◆ **Required action**: All that is needed is the line containing "Achat Immobilier Aix" and the lines after it to the end of the material, written out exactly, pictures left aside.

◆ **Exercise data**:

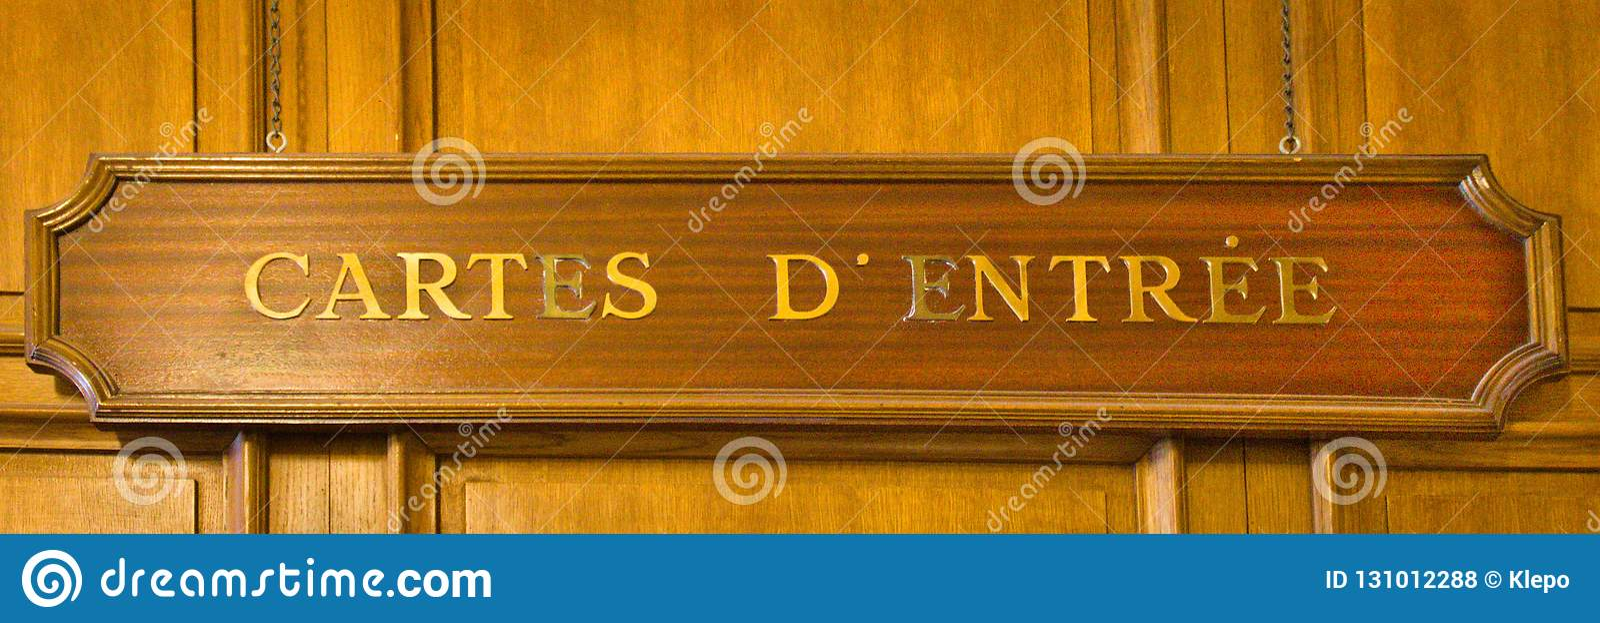 A wooden cartes d`entree sign
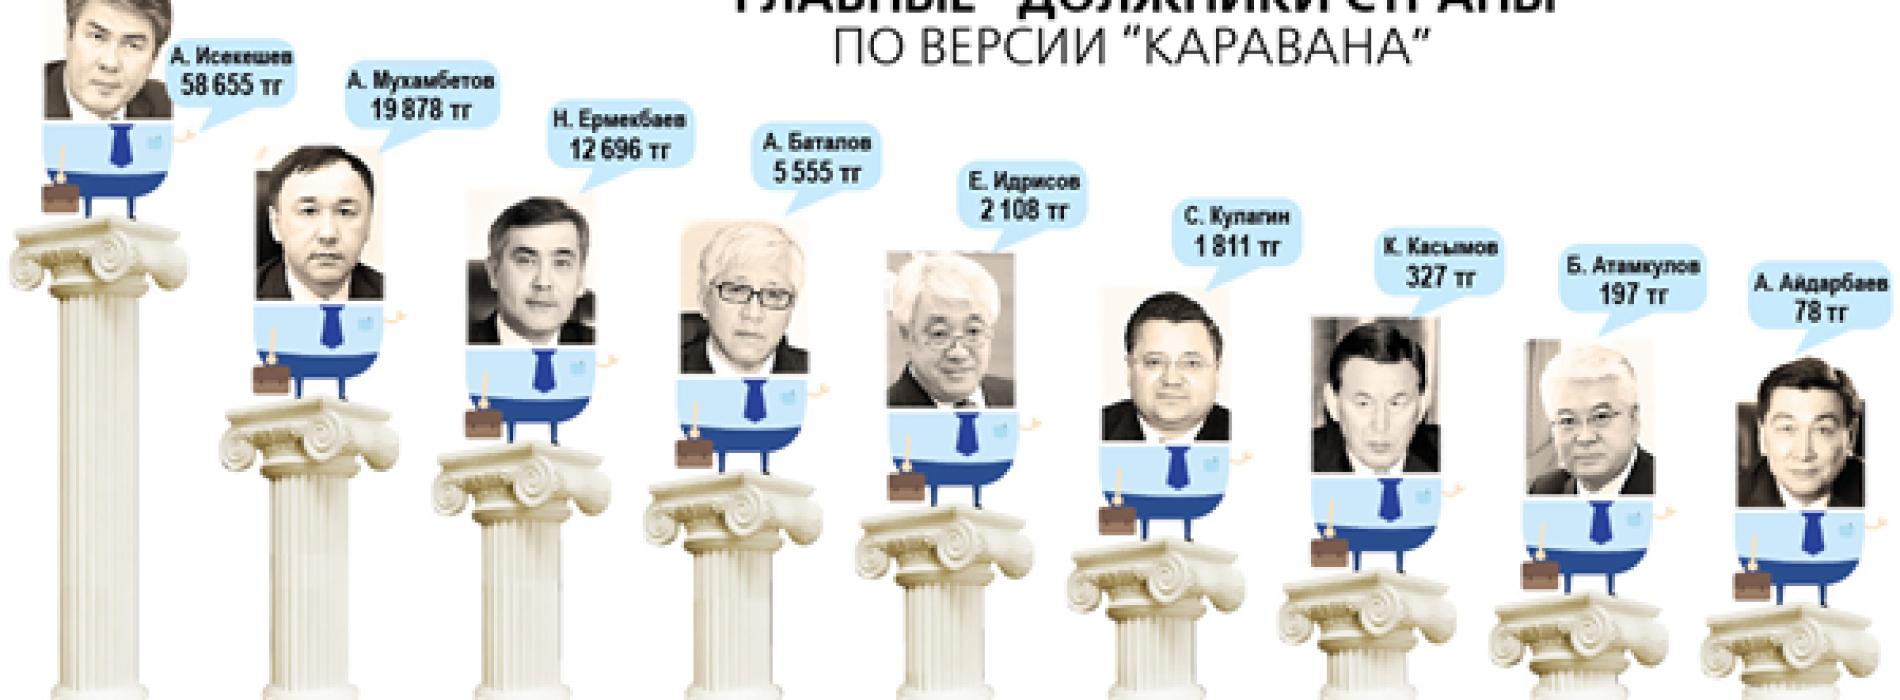 Сколько задолжали налоговой казахстанские министры и акимы
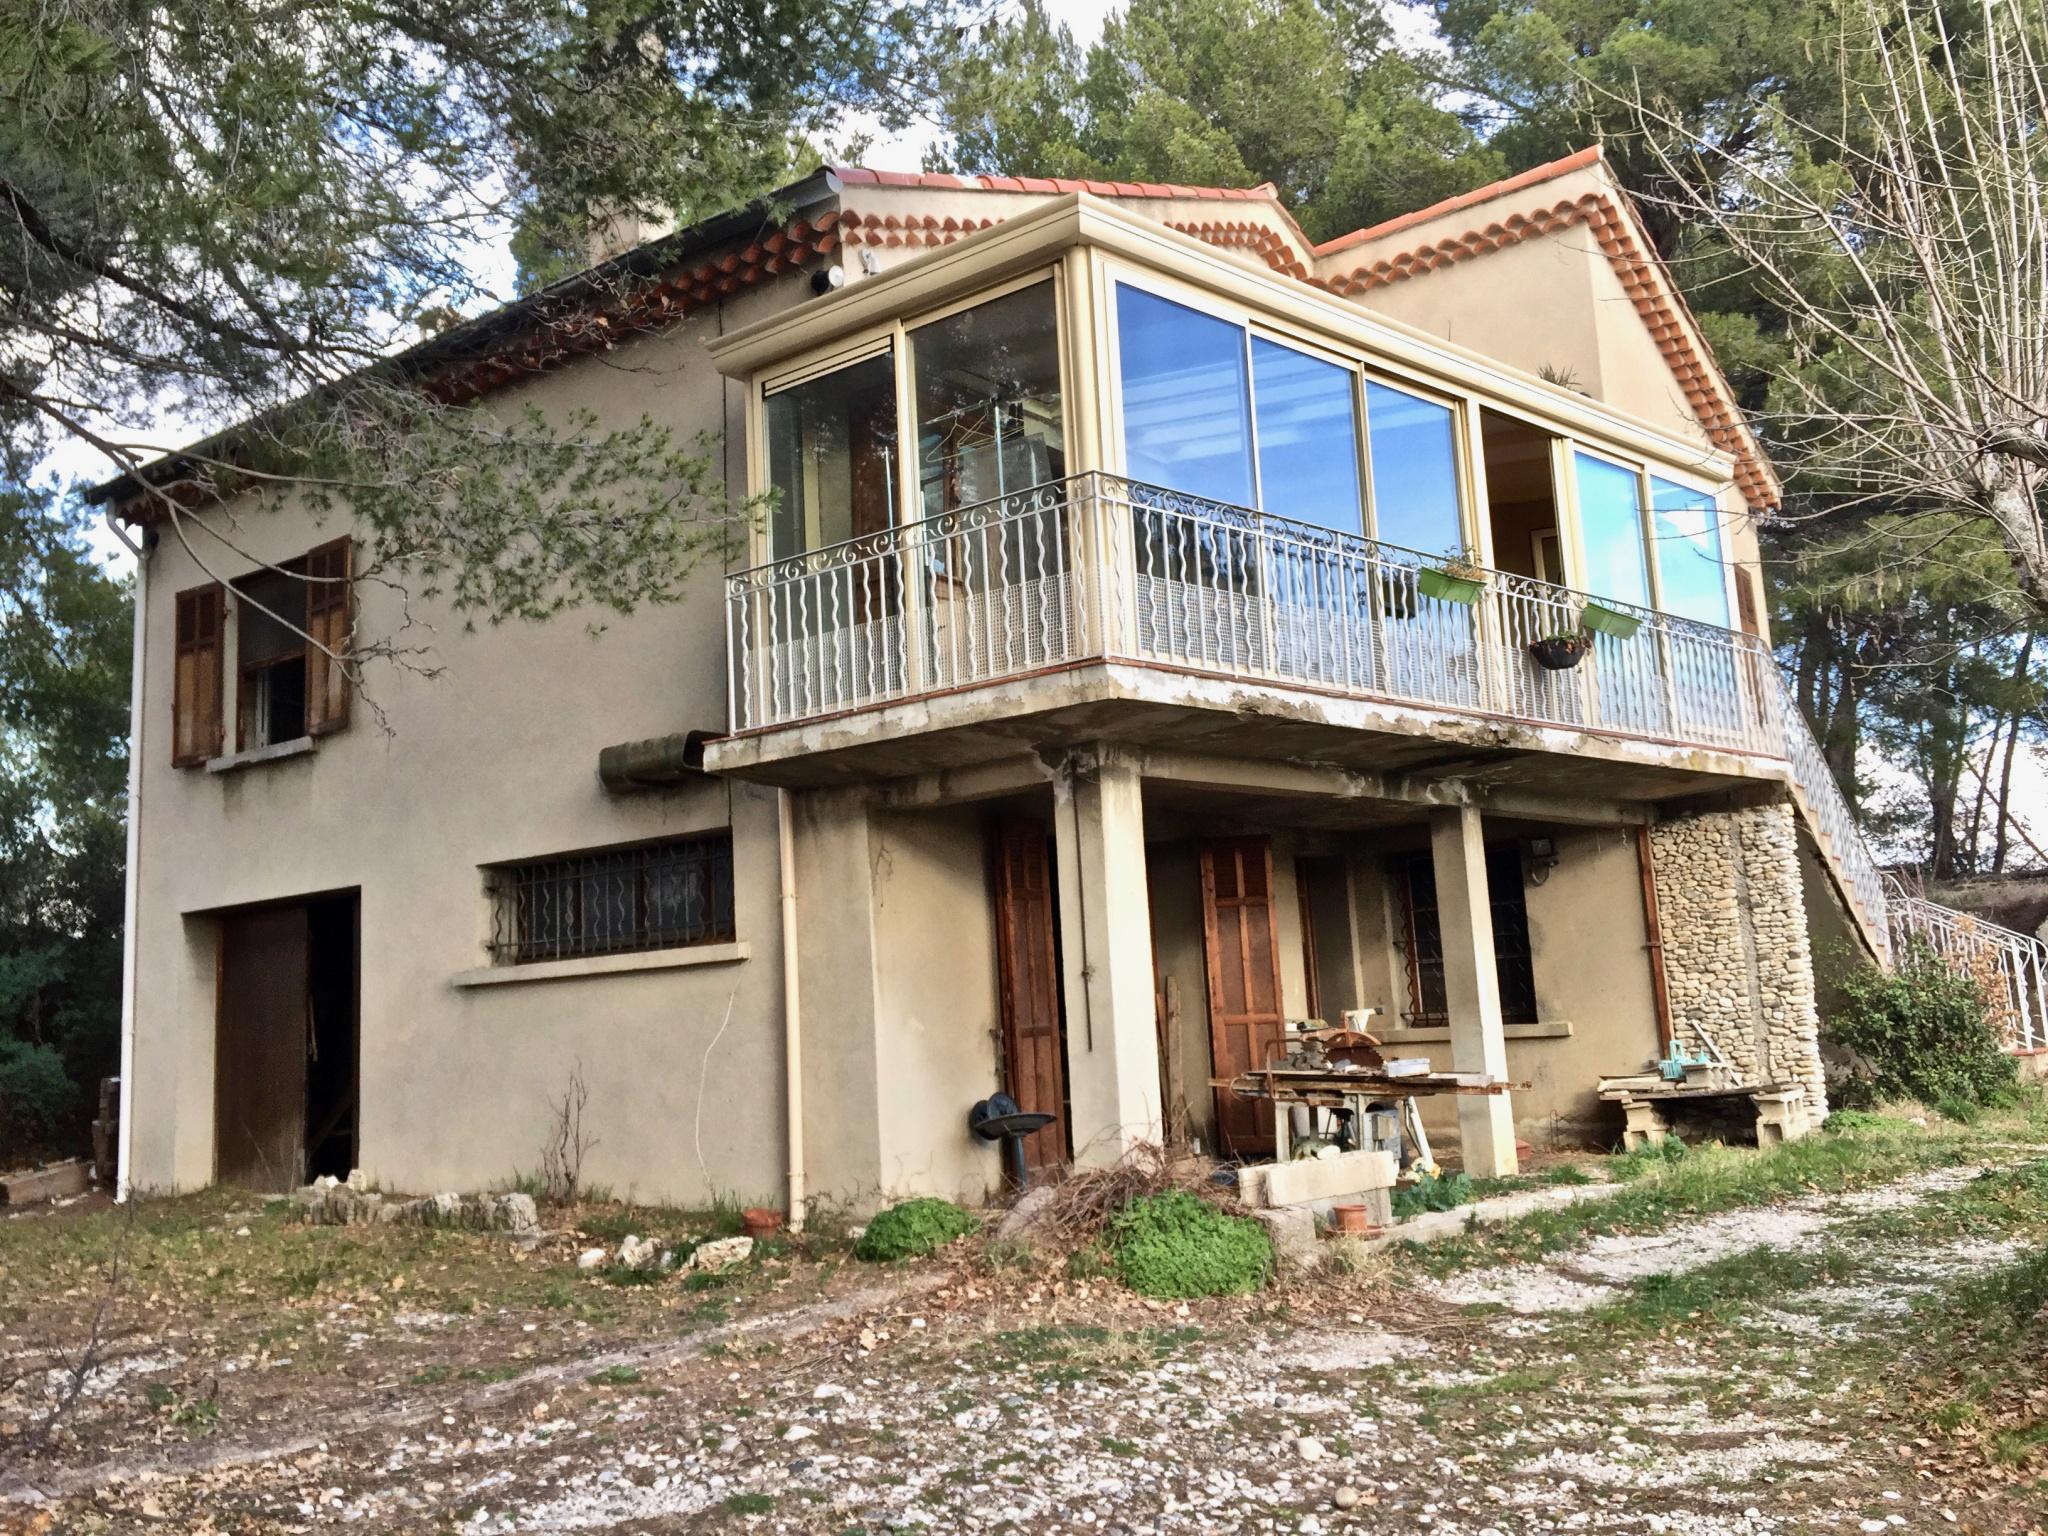 Achat Immobilier Aix En Provence Vente Immobiliere Pays D Aix
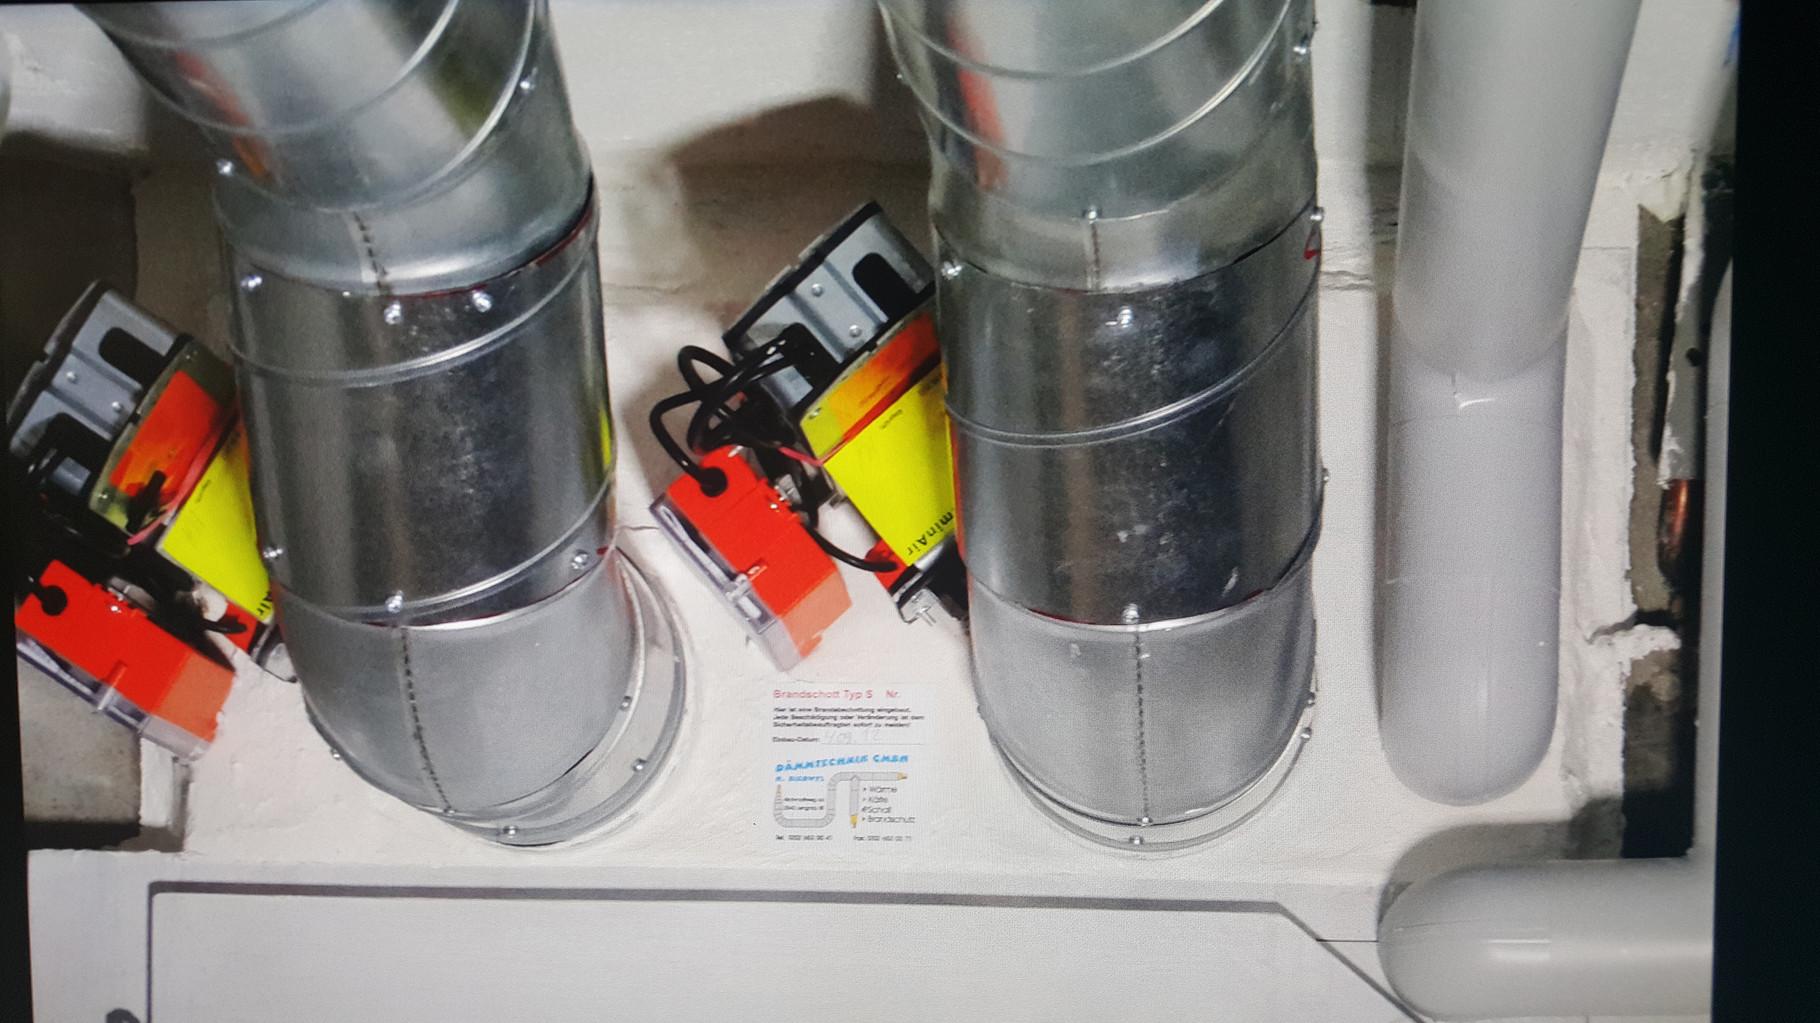 Brandschutzabschottung mit Brandschutzklappen von Lüftungsanlage

◆ **Problem solution**:
 Achat Immobilier Aix En Provence Vente Immobiliere Pays D Aix
 Brandschutzabschottung mit Brandschutzklappen von Lüftungsanlage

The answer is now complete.